9 min readJun 17, 2023

This article is summary of the research paper : https://arxiv.org/pdf/2303.13780.pdf

Machine translation has been revolutionized with the integration of ChatGPT, a powerful language model. To optimize ChatGPT’s performance for this task, two key techniques are leveraged: temperature adjustment and the incorporation of task-specific and domain-specific prompts.

Temperature: The temperature parameter plays a crucial role in shaping the performance of ChatGPT. By adjusting the temperature, we can control the linguistic variety of the generated responses.

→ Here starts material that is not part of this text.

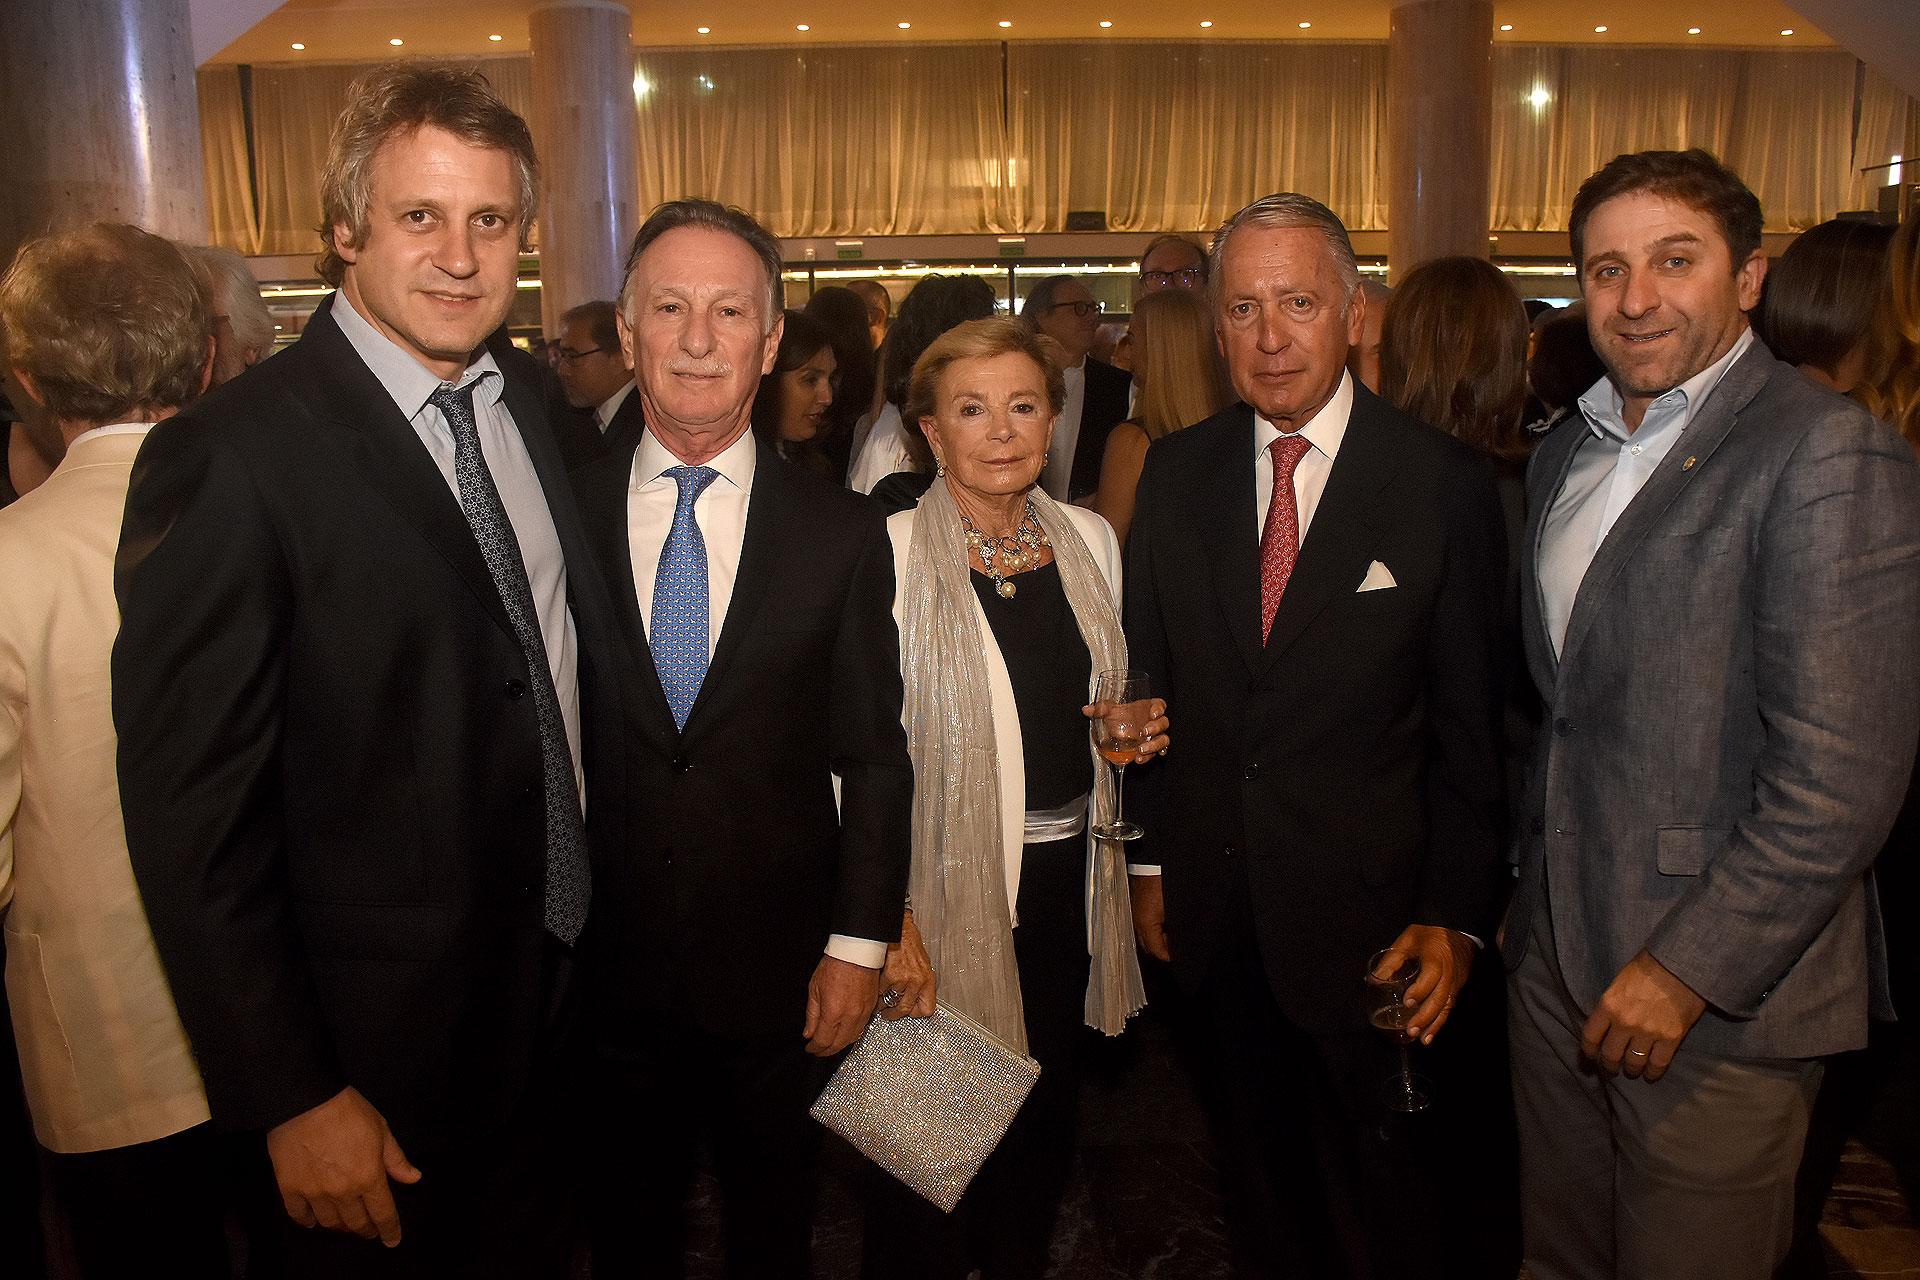 Felipe Miguel, Gustavo Weiss, Daniel Funes de Rioja (presidente de la COPAL) y Fernando Straface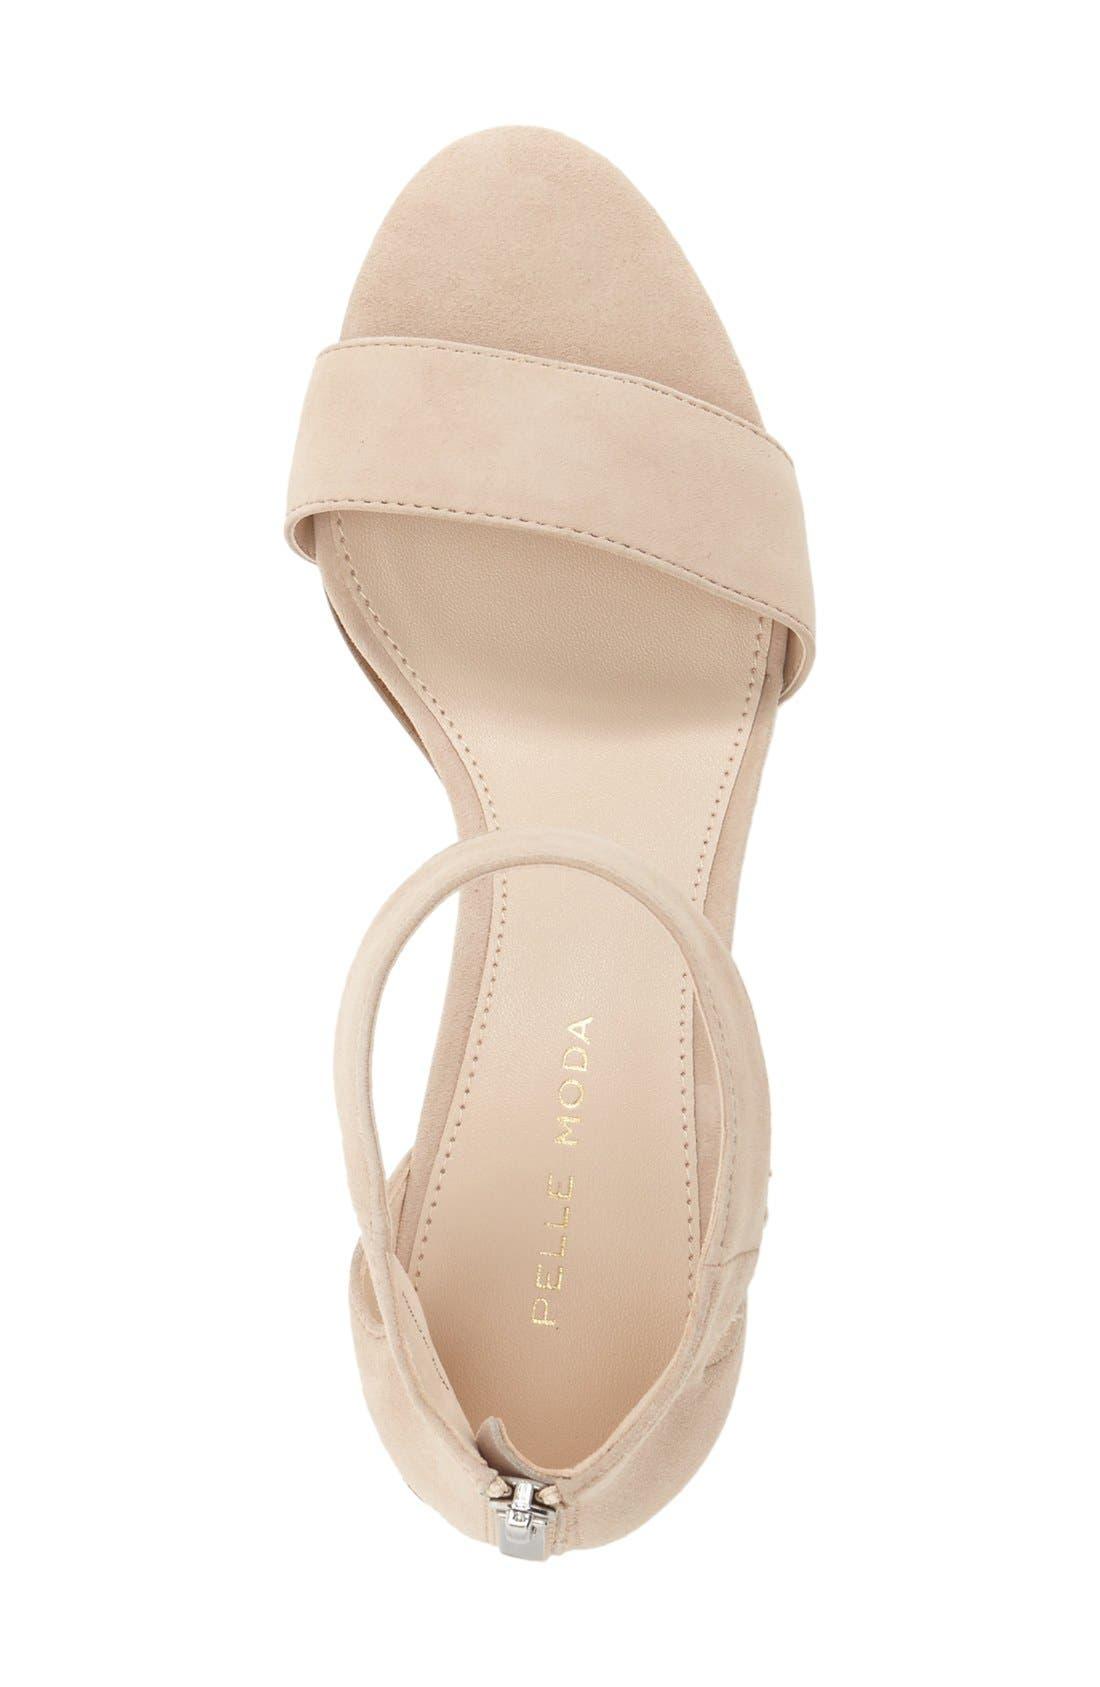 Pella Moda 'Urban' Block Heel Sandal,                             Alternate thumbnail 9, color,

Higher temperatures lead to more diverse and creative outputs, while lower temperatures produce more deterministic and grammatically correct text. However, for tasks with a high degree of certainty, such as machine translation, a diverse generation may hinder translation quality. In such cases, setting a lower temperature can result in higher performance by ensuring more accurate and reliable translations.
Task-Specific Prompts (TSP): ChatGPT is primarily a conversational system and may face limitations when it comes to translation tasks due to task inconsistency. To address this issue, Task-Specific Prompts (TSP) are proposed to emphasize the task information and bridge the gap between conversation and translation. By incorporating task-specific prompts, ChatGPT can better understand and align its responses with the desired translation objective. TSP can significantly improve ChatGPT’s performance, especially in complex tasks where task-specific guidance is essential.
Domain-Specific Prompts (DSP): Unlike traditional machine translation systems, ChatGPT has the advantage of incorporating additional information, such as human interactions, through input prompts. This flexible interaction allows ChatGPT to alleviate classical machine translation challenges, including cross-domain generalization. Domain-Specific Prompts (DSP) are introduced to provide domain navigation information, enhancing ChatGPT’s generalization ability across different domains. Introducing the correct domain information consistently improves ChatGPT’s performance. However, providing wrong domain information can lead to significant degradation in performance, highlighting the importance of accurate and relevant domain-specific prompts for optimal results.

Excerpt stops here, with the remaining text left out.